Aspen city workers get training to jump-start a heart | AspenTimes.com
YOUR AD HERE »

Aspen city workers get training to jump-start a heart

Andre Salvail
The Aspen Times
Aspen CO Colorado
Contributed photoAspen Ambulance District operations manager Gabe Muething provides automated external defibrillator training on Thursday afternoon to city Water Department employees, clockwise from left, Keith Wester, Valerie Forbes, Steve Wilson, William Carp, Lee Ledesma, Karen McConnell and Michael Tontis.
ALL |

ASPEN – Around 180 full-time workers for the city of Aspen recently received training in the use of automated external defibrillators, commonly known as AEDs. They are the machines that send electrical impulses to jump-start a heart back into a regular beat in the event of a cardiac arrest.

Jim Richardson, director of the Aspen Ambulance District, said the city workers were trained under the Save a Life/Pitkin County program, a community-wide initiative of local governments, the ambulance district, Aspen Valley Hospital, the Aspen Community Foundation and Aspen Skiing Co. The district is coordinating and overseeing the training.

The program was created less than two years ago following a few high-profile cases of lives saved because of the machines. It recently took an inventory of all AEDs in the Roaring Fork Valley – there are 200 between Carbondale and Aspen – and restored equipment that had been rendered nonfunctional due to neglect. It also aims to provide AED and CPR training to public- and private-sector workers throughout the area.

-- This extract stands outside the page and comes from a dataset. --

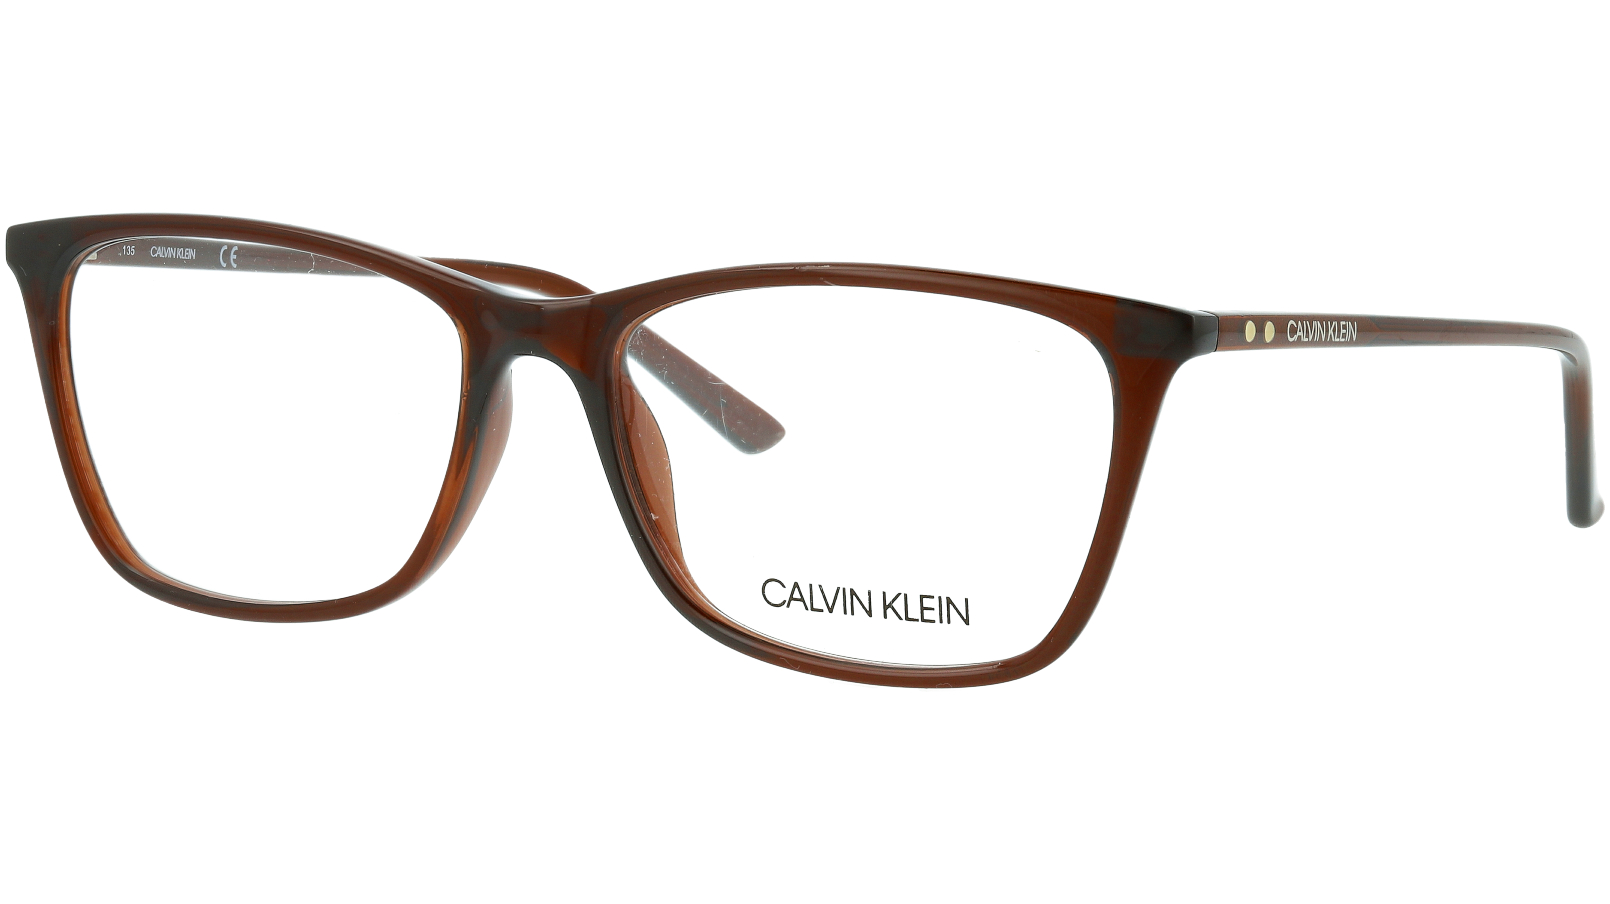 Calvin Klein CK18542 210 54 Brown Glasses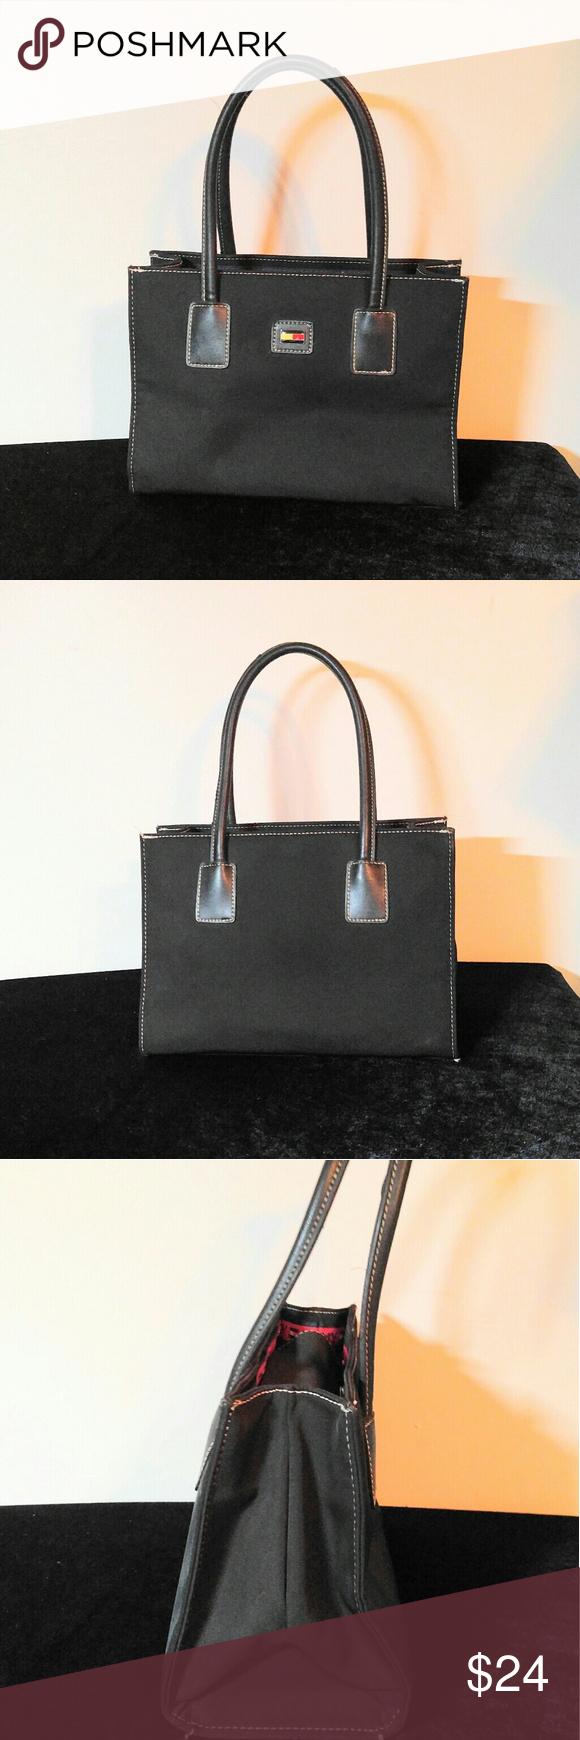 Cute Black Tommy Hilfiger Purse-LIKE NEW!! Tommy Hilfiger Purse- Like New!! 10.5 X 8 with a 7 inch drop. Tommy Hilfiger Bags

Richardson said that now that the city workers have been trained, Pitkin County government workers are next on the list, with instruction likely beginning in January. Many hospital workers already know how to use an AED, but those who haven’t will likely receive instruction in February, he said.

“That’s the plan,” Richardson said. “It’s an ongoing effort, and everyone has really partnered together.”




He said each training session takes about 30 minutes.

“It’s fairly short,” he said. “We play the video that talks about the survivors’ stories that’s available on our website. We do hands-on CPR awareness training and AED training. It’s very simple, and it doesn’t take very long to learn.”

The AEDs have a voice feature that tells the user what to do, Richardson said.

“When the heart goes into cardiac arrest, you can’t save them with just CPR or just defibrillation,” he said. “They need to have both. They need the defibrillation to shock the heart out of the chaotic rhythm, and they need the CPR to circulate the oxygenated blood. You need both components at the same time for a successful outcome.”

The national average for surviving a cardiac arrest is 8 percent, while the average in Pitkin County over the past two years is more than 50 percent, Richardson said.

“Why? Because of the number of people willing to do CPR, the availability of AEDs and the fact that we in general have a much healthier population that is dropping from cardiac arrest. So we have healthy people to start with, and it makes their outcome much more successful,” he said.

Courtney DeVito, a risk analyst in the city’s Human Resources Department, said the training program is informal and does not provide an official certification.

“It’s more about awareness,” she said. “We are looking at doing a formal CPR certifications for certain departments.”

Thursday’s training session at the Water Department was the last one for city workers over the past six weeks. In the future, new employees and existing workers who didn’t get the training will receive instruction, DeVito said.

“We had a lot of great information that came out of each session,” DeVito said. “There were folks who didn’t know where AEDs were located, and now they do in almost every city area. People got all of the information they needed to feel comfortable using them should a situation arise where they needed to do that.”